Couples counseling addresses three levels of issues.
Couples counseling strengthens marriages in three ways.
What if you and your loved one are living the opposite of happily ever after? Do your marital issues leave you feeling less than loved and loving in your partnership? Are your disagreements creating tensions and distance between you instead of leading to mutually satisfying solutions?
If your partnership is yielding too much negative energy, maybe it’s time to reverse the trend. How can couples counseling (link is external) help?
While couples counseling encompasses a wide range of philosophies and techniques, three levels of interventions stand out for me as critical for successful outcomes.
1) Skills coaching
An effective marriage therapist will coach the two of you in the skills that enable couples to succeed as partners in life. The therapist also hopefully will guide you in using win-win conflict resolution skills to guide you to new solutions on the issues about which you tend to spin your wheels or fight.
2) Look backwards at the sources
A good marriage counselor can help you to glance backwards to understand how your problems developed. Was there a period of time when your lives became too stressful and you began to turn against each other instead of staying united against the problem?
Also, did you learn to argue from how your parents interacted?
3) Emotionally hyper-sensitive issues.
A potent therapist can help you to identify and clear the subconscious trapped emotions that make strong emotions like anger and anxiety seem to erupt out of nowhere.
The terminology I like best for these three aspects of couple treatment come from my therapy colleague Matthew LeBauer (link is external): How-to, How-come, and Landmines. Thanks Matt!
To illustrate the three levels of intervention, here’s a case from my practice: Jerry and Nora–names changed, of course–sought therapy to end their chronic bickering.
Level I: How-To
Marriage is a high-skilled activity.
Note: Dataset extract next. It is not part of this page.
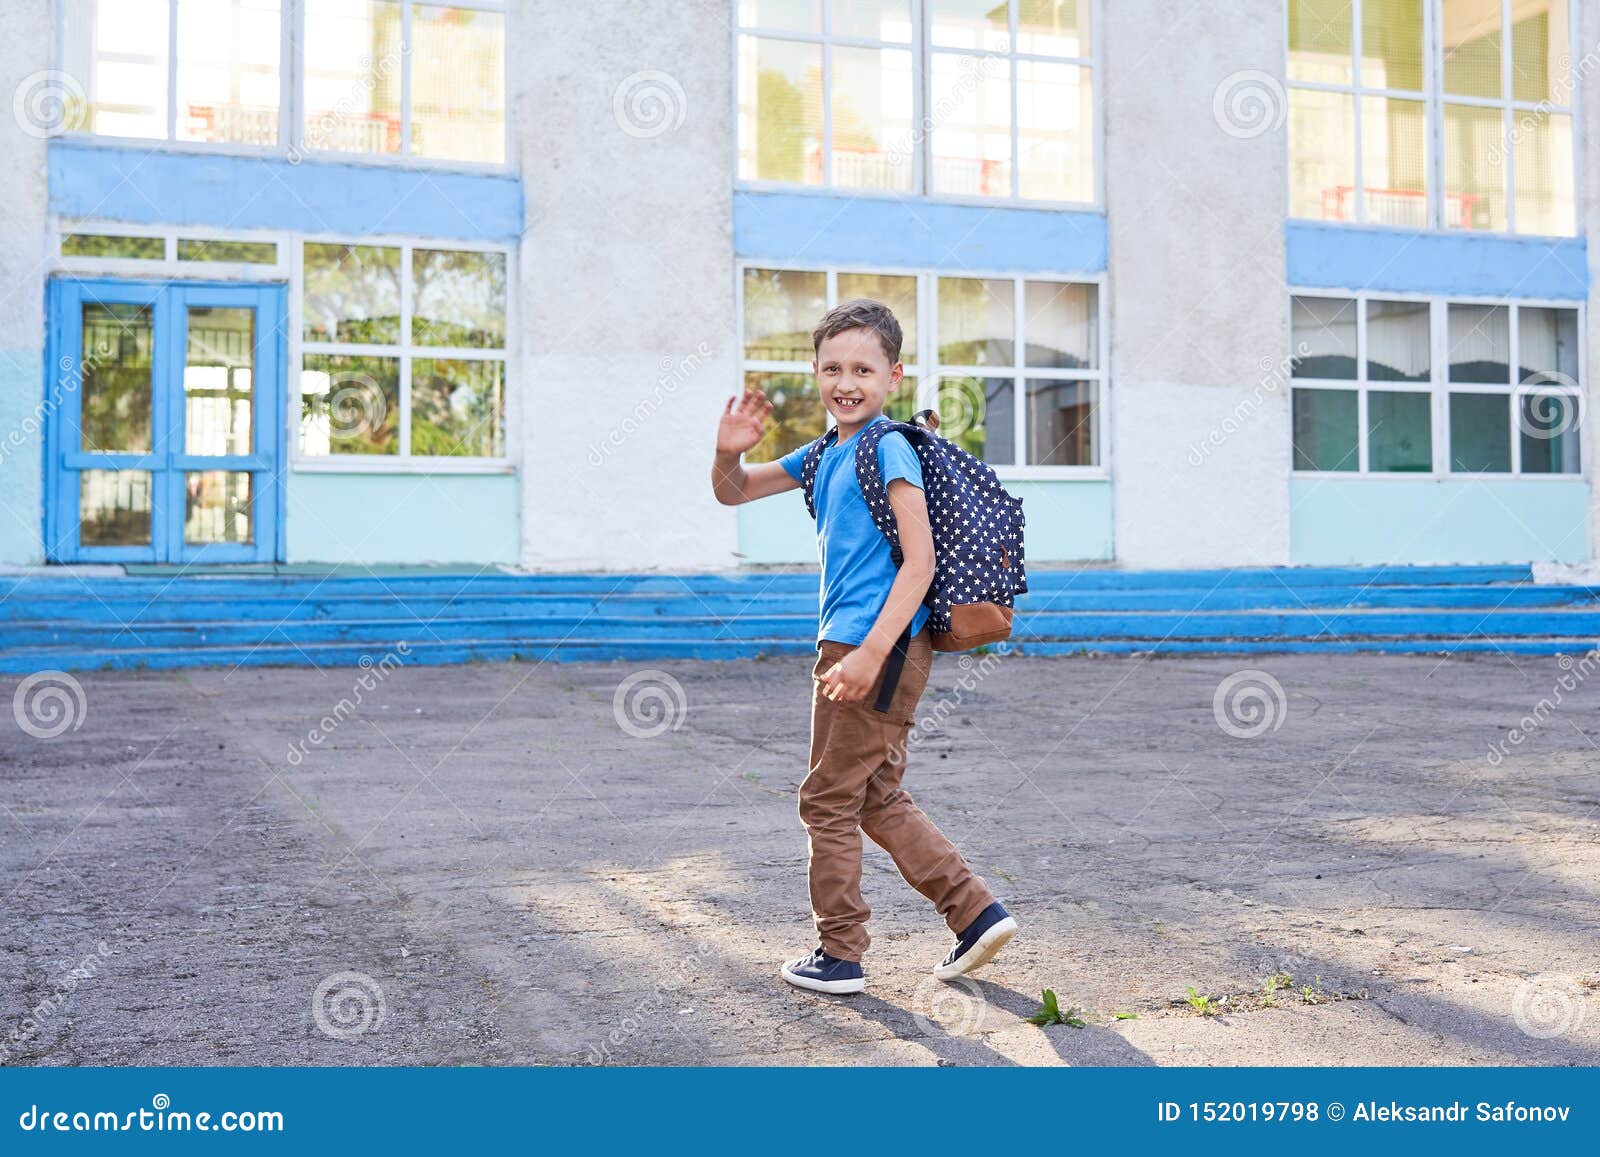 Пошел в школу пришел из школы. Мальчик идет в школу. Мальчик который ходит в школу. Школьники идут в школу. Мальчишка идёт в школу.

Technique for communication in relationships (link is external) matters. Jerry and Nora needed coaching to upgrade their skills in four arenas. They learned how to:
1) Talk and listen cooperatively instead of becoming adversarial
2) Keep their interactions in the calm zone, with zero emotional escalations
3) Resolve their differences with what I call the win-win waltz
4) Sustain a steady flow of loving appreciation, affection, and pleasure
Over a series of sessions, plus home practice on my PowerOfTwoMarriage.com (link is external) website, Jerry and Nora found that as they knew better, they began to do better.
Level II: How-Come
Pulling up old habits by their roots helps make changes permanent. Where had Jerry and Nora learned to bicker? In a household where parents speak English, the kids learn English. If they speak fighting, the kids learn the language of arguing.
Jerry learned in his family to be insistent; whoever hung in there the longest got his way. Nora’s parents were too swamped to listen to the specific preferences of any of their seven children. Nora learned to give up before even saying what she wanted, and then to issue criticisms to vent her disappointment.
As a married couple, Jerry and Nora triggered each others’ skill glitches. Jerry insisted on his way; Nora criticized; Jerry felt judged and snapped back, inviting further criticism from Nora, and round and round they went.
In sum, Nora and Jerry’s conflict patterns stemmed both from the habits they’d learned from their families of origin, and from interaction cycles they’d developed in response to each other.
Level III: Landmines
Identifying and clearing landmines–deeper emotional well-springs of negative feelings–completes the therapy process. Deeper, as described by psychologist John Norcross, refers to subconscious feelings that occurred historically earlier in life, and/or that are less accessible to conscious awareness.
To access clients’ landmine issues, I listen closely:
Clients’ repeated or metaphorical words of distress: “I felt hijacked.”
Thoughts that trigger intense negative feelings: “She doesn’t treat me like number one!”
Specific situations that disturb them unusually strongly: “I hate being interrupted!”
Jerry’s wife’s critical tone of voice could trigger in him a geyser of resentment. While no one likes to receive criticism, Jerry’s hyper-intense response to feeling unjustly accused stemmed from having been the recipient of unjust accusations in his youth. Similarly, Nora’s anger surged when she experienced Jerry as not listening to her.
My favorite techniques for neutralizing landmines are a depth dive, which I describe in my book From Conflict to Resolution (link is external), and energy therapy strategies from Bradley Nelson’s The Emotion Code (link is external).
Jerry and Nora completed all three levels of treatment: How-to, How-come, and Landmines. While they still experience occasional bumps, overall they now enjoy a vastly more collaborative, affectionate and bicker-free relationship. Mission accomplished!